How to make money with meme stocks

Meme stock mania has also changed the way other players in the stock market act. For example, movie company AMC Entertainment, whose shares have jumped more than 600% since the start of 2021, tackled its meme status head-on, which GameStop was loath to do. CEO Adam Aron tweets frequently to piss off his investor base and engages in lengthy income calls where he answers questions from the masses. He even gave out free popcorn.

Aron treats AMC stocks like a consumer product because, well, it is. While institutional investors typically own the majority of shares in a given company, retail traders own 70% of AMC’s shares. And Aron isn’t just aiming for a higher stock price: he and the board have repeatedly issued more shares over the past year, signaling that they think their price is too high. .

Institutional investors vs individual investors

Stocks meme haven’t fundamentally changed short selling on Wall Street, but institutional investors have been more reluctant to publicly disclose – let alone post – short positions in certain stocks, especially if they are stocks. nostalgic brands like most meme stocks (e.g. GameStop, AMC, BlackBerry, Bed Bath & Beyond.)
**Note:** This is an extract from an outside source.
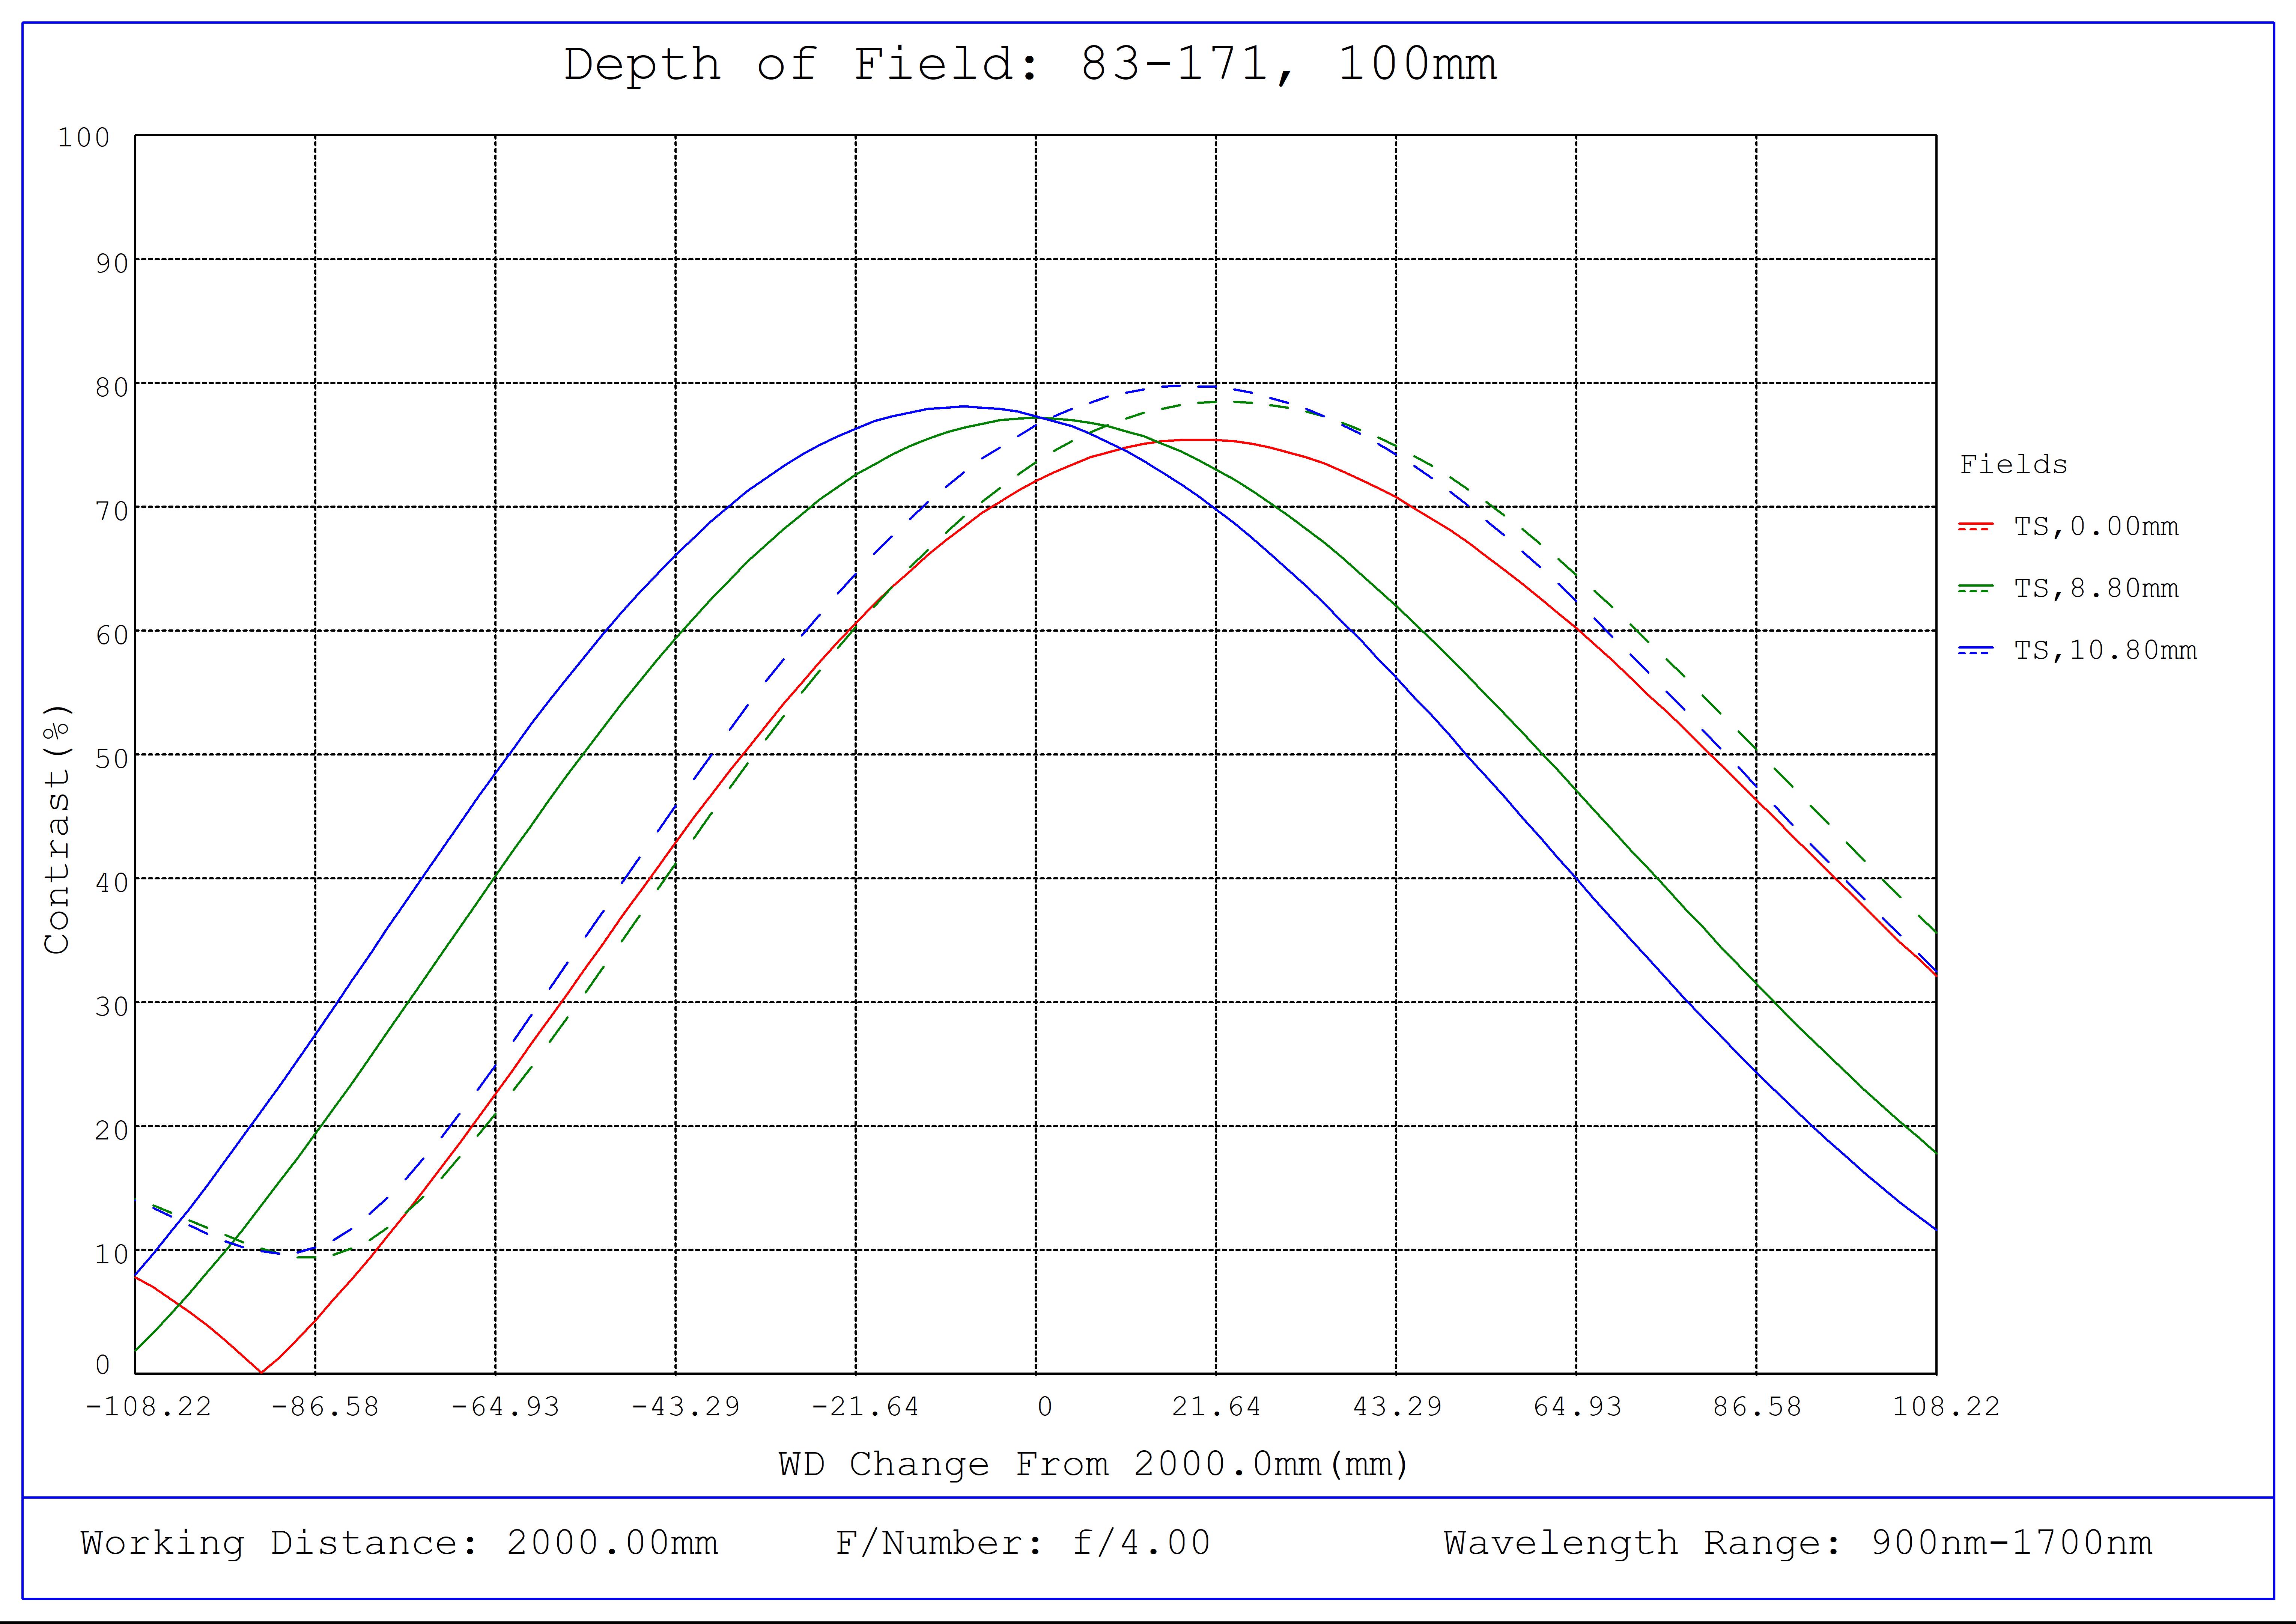 #83-171, 100mm SWIR Series Fixed Focal Length Lens, F-Mount, Depth of Field Plot, 2000mm Working Distance, f4

“Shorts learn to be more disciplined to come out of their positions when the going gets tough,” Pachter said. “And I think real smart shorts are like, ‘Don’t get mad monkeys. Don’t fight the monkeys. Because monkeys don’t always behave rationally.
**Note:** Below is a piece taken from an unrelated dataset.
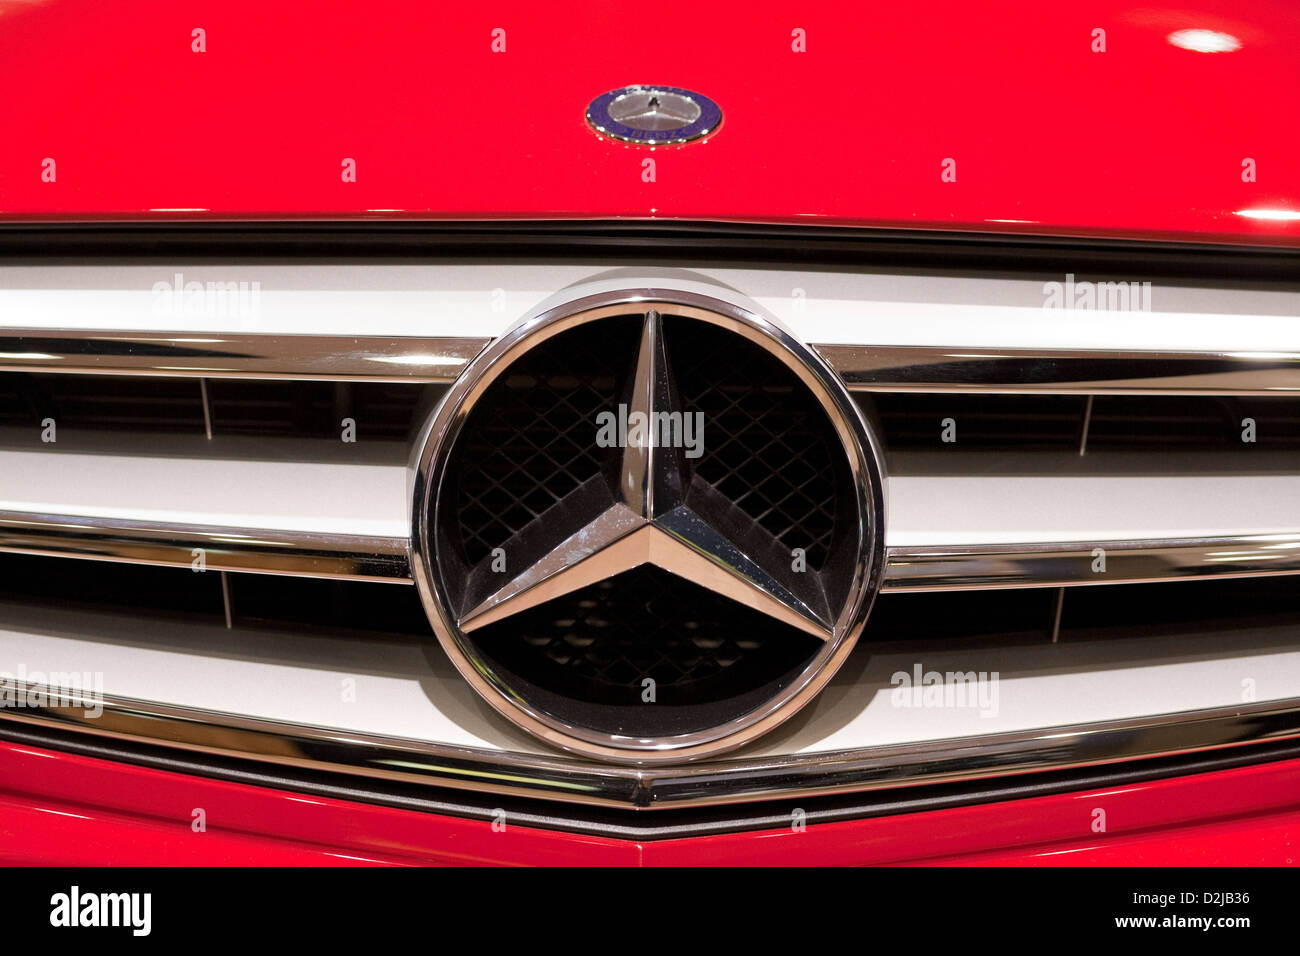 Mercedes-Benz logo on grill detail Stock Photo - Alamy

The new focus on short selling may have prompted regulators to take a closer look at the practice. A new rule proposed by the United States Securities and Exchange Commission may require greater transparency in the reporting of “securities lending” activity. Short sellers basically borrow stocks from lenders, sell them, and try to buy back the stocks for a lower price. The new rule would require those lenders to report the loan to a third party such as the Financial Sector Regulatory Authority (FINRA), which would make the disclosure public.

The Justice Department is also investigating the relationship between short-selling hedge funds and research firms to determine if they have engaged in illegal behavior. The news has thrilled memes traders, many of whom believe short selling is predatory.

The drunk guy at the poker table

Jaime Rogozinski, who founded the WallStreetBets subreddit in 2012 to discuss ambitious, if not risky investing, described the arrival of memes traders in the markets with a simple analogy:

“If you’ve been sitting at a poker table with eight people for 50 years and they’re all really good at the game, then the drunk guy comes and sits at the table… and all of a sudden he’s all-in. a tie-seven, not because he’s bluffing, but because he thinks he has the best hand, that messes you up, ”said Rogozinski, who is no longer in the squad.

“Everyone is still playing poker, all the players are still there, but when the drunk guy makes a move, you have to understand that this person’s logic is different. That person’s logic may even include, “I don’t care if I lose.” It is impossible to fight.

The memes traders may not have turned Wall Street upside down, but they sent a clear message: Ignore us at your own risk.